Brian JP it does show many,but having minimal french speech i dont want to walk out of there 100 euros lighter if one down the road does it for 30 euros.
i will drive 10/15 miles to save £50



john


----------



## OwnedbyCollies (Dec 7, 2009)

Vets at Forges Les Eaux charged 36 euros for 2 dogs last August - own meds taken.


----------



## feeblecat (Jul 17, 2009)

*Vet*

My experience of French vets is, the nearer the port the more expensive. Having had to take our dog to the vet in France for things unrelated to the pet passport (sprained leg for example) I would have no hesitation now in just looking for the nearest vet in whatever village/town I was in. The thing for us is we never quite know where we are going(we dont even know which country till we start driving) so knowing about vets in advance isnt much use. The first vet we used for non-related passport stuff was in a small town in the Pyrenees.
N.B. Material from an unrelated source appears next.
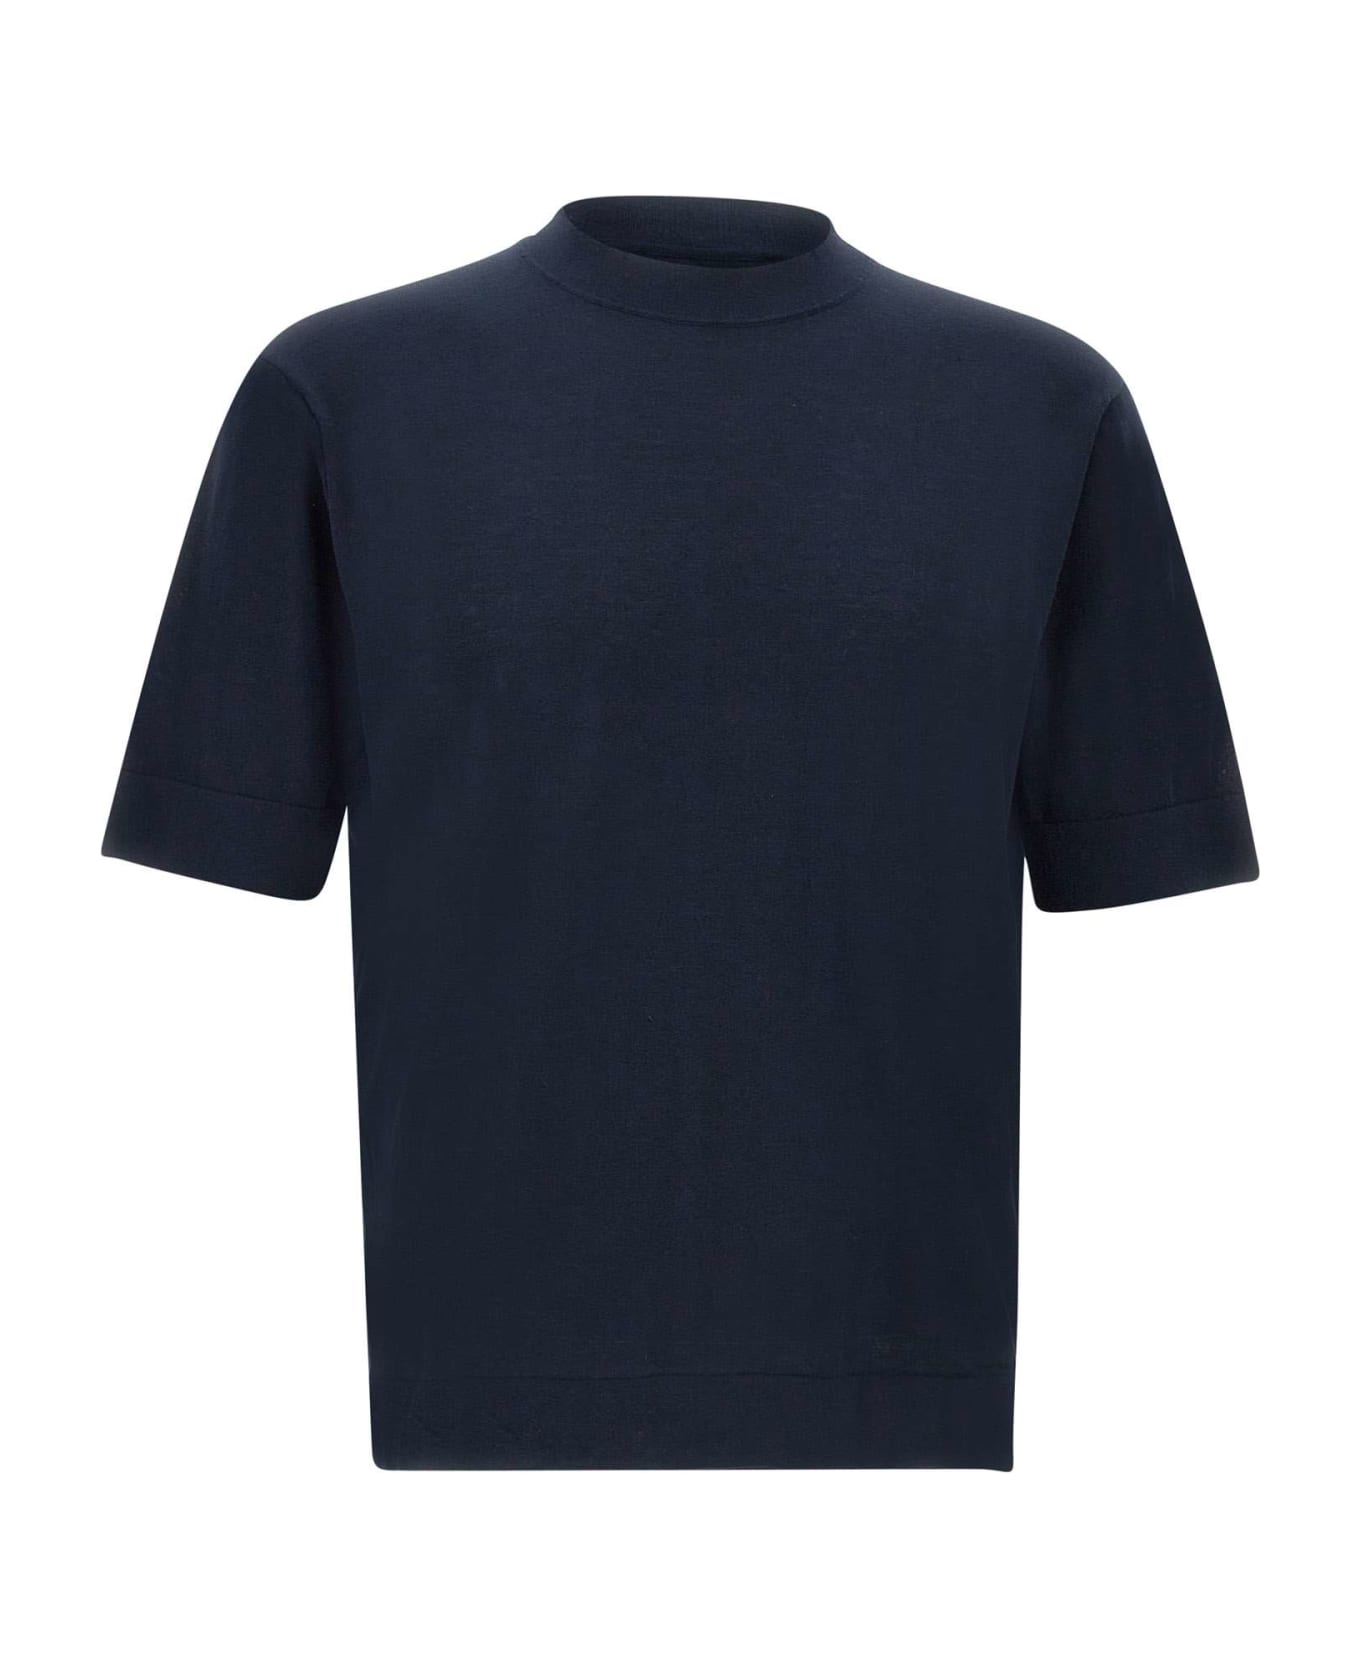 Filippo De Laurentiis "mc Over" Cotton Crepe T-shirt - BLUE

Excellent English speaker, thorough examination and meds and bandages about 15 euros' the second vet in the Ardeche, non English speaking vet but between all the staff we managed to understand each other, again buttons for treatment. Compare that to the passport service which was very expensive by comparison near the ports. The new rules makes it so much easier to go to any vet away from the port.


----------



## KeithChesterfield (Mar 12, 2010)

feeblecat - The new rules makes it so much easier to go to any vet away from the port.

You're right - virtually any Vet in France, and throughout the Continent, is now worth using with the new five day time scale.

Please post any Vet you use this year and I'll update the Vet's List as often as possible.


----------



## KeithChesterfield (Mar 12, 2010)

gillnpaul - is the info on this Pdf document correct for the Vet in Merville?

If not could you let me know please.


----------